By doing a diff (or a tkdiff) on the 2 message files produced, you can locate the place where the 2 versions diverge.

Implementation

To trigger these impressions, you must overload the Calcul.f90 and/or Resoud.f90 routine. We then modify the source by forcing the variable: DBG =. TRUE..

This then leads to additional impressions in the message file.

routine calcul.F90

For example, the impressions of the Calcul.f90 routine when calculating option AMOR_ACOU are:

&&CALCUL|IN | PGEOMER | MAIL.COORDINO.VALE | LONMAX=... | SUMM= 0.58898033E+03

&&CALCUL|IN | PIMPEDC | IMPEACOU.CHAC.IMPED.VALE | LONMAX=... | SUM = 0.13370000E+04

&&CALCUL|IN | PMATERC | FIELDMAT.MATE_CODE.VALE | LONMAX=... | SUMMI= 743107436

& CALCUL OPTION = AMOR_ACOU ACOU_FACE8 182

&&CALCUL|OUTG|PMATTTC | _9000024.ME001.RESL | LONMAX=... | SUMMR= 0.74828831E-04

&&CALCUL|OUTF|PMATTTC | _9000024.ME001.RESL | LONMAX=... | SUMMR= 0.74828831E-04

Lines 1, 2, 3 correspond to the 3 « in » parameters of this option. For each parameter, information about the field associated with this parameter is printed: field name, LONMAX of the object containing the field values,… and « summary » (column SOMMR or SOMMI) of the field values (column or) of the field values.

Line 4 indicates that the ligrel on which the calculation is done contains a grel of elements of type ACOU_FACE8 and that the TE00ij.F90 routine called is TE0182.F90.

Line 5 provides information on the « out » field PMATTTC after the elementary calculations of grel ACOU_FACE8 (therefore TE0182.f90).

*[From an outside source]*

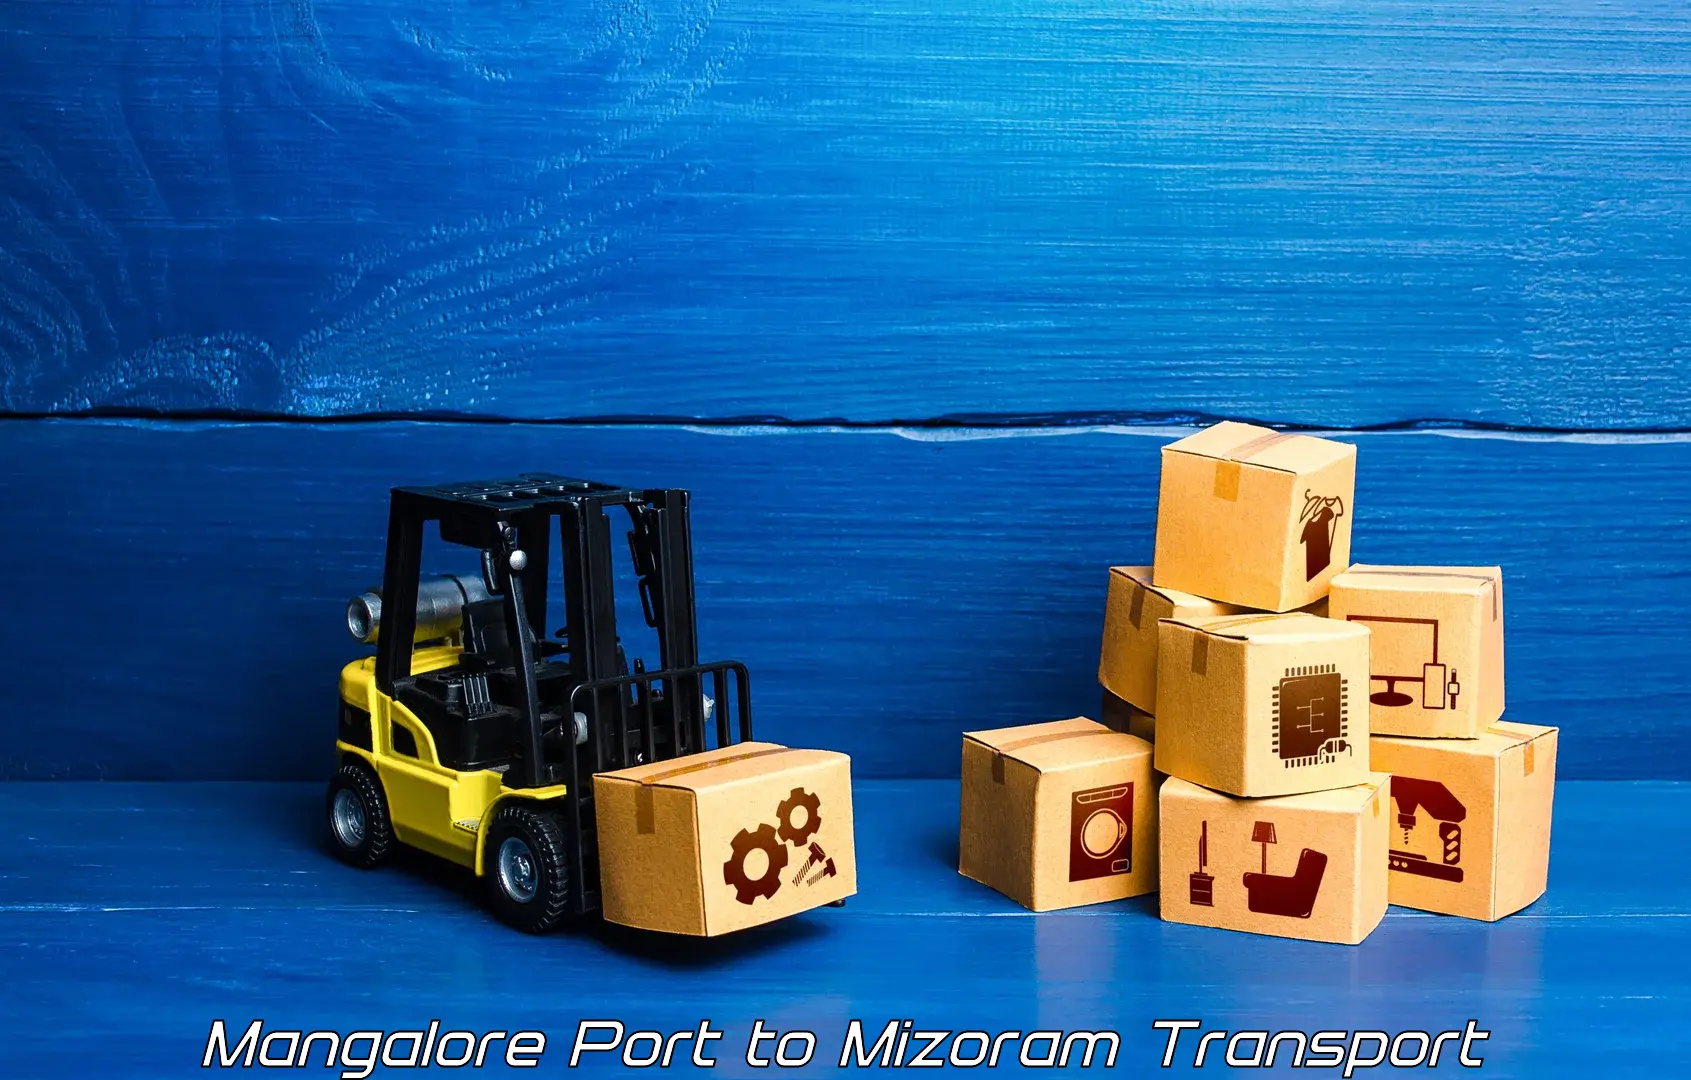 Part load transport service in India Mangalore Port to Darlawn

Lines 4 and 5 can be repeated if there are multiple grel in the ligrel.

Line 6 provides information on the « out » field after calculating all the grel values.

Sometimes the impressions show that although the « in » fields in an elementary calculation are the same, the « out » fields differ. We then know that the problem concerns a precise elementary calculation: OPTION type_element and routine number TE00ij.F90.

Notes:

When a field is integer, real, or complex, the number summarizing the field ( SOMMI or SOMMR ) is a number obtained by « summing » the values in the field. In reality, a slight « bias » is introduced to allow the detection of a permutation of values: the vector (1 2 3 4) will generally lead to a SOMMI different from (2 3 1 4) .

For fields of type CHARACTER, we make an integer sum (SOMMI) by transforming each character into an integer (function ICHAR) .

Attention: a field « in » * is almost always different between two executions, it is the « coded material » field (“PMATERC”): it contains addresses JEVEUXqui have no reason to be the same. Other objects JEVEUXont also almost always have different content each time they run, these are the objects . TITRqui generally contain the date of the execution.

Detail: For each object JEVEUX « summary », we print: its name, its « sum » (SOMMIou SOMMR) its LONMAX, its LONUTI, its TYPE (R/C/I/K8/…), a return_code IRET (if iret /=/= 0, the object JEVEUXest in a doubtful state) as well as a number IGNORE which counts the « ignored » values « in the sum (SOMMIou SOMMR). The ignored values are “Nan” or invalid values (to sum up) : R8 MAEM (), R8 VIDE (), ISMAEM (), (),…

routine Solud.f90

The impressions of the Resoud.f90 routine are:

&&RESOUD 2ND MEMBER | &&MESTAT.2NDMBR_ASS.VALE | LONMAX=... | SOMMR= -0.20000000000E+06

&&RESOLVE STRING | &&ASCAVC.VCI.VCI .VALUE | LONGMAX=... | SUMM= 0.00000000000E+00

&&RESOLVE MATR.VALM | &&MESTAT_MATR_ASSEM.VALM | LONMAX=... | SUMM= 0.13926619473E+13

&&RESOLVE MATR.VALF | &&MESTAT_MATR_ASSEM.VALF | LONMAX=... | SUMM= 0.12301036782E+13

&&RESOLVE MATR.CONL | &&MESTAT_MATR_ASSEM.CONL | LONMAX=... | SUMM= 0.55076923235E+12

&&RESOLVE SOLU | &&MERESO_SOLUTION.VALE | LONMAX=... | SUMM= -0.37488024534E+06

Line 1: second member of the linear system

Line 2: values of the imposed degrees of freedom eliminated (char_cine)

Line 3: values from the initial matrix (before factorization)

Line 4: values of the factored matrix

Line 5: value of the conditioning coefficient of Les Lagranges (dualized imposed ddls)

Line 6: solution values

If line 1 differs, the problem is caused by manufacturing the second member of the system.

If the only line 4 differs, this indicates a factorization problem (routine Preres.f90)

If the only line 6 differs, the problem comes from the resolution (routine Resoud.f90).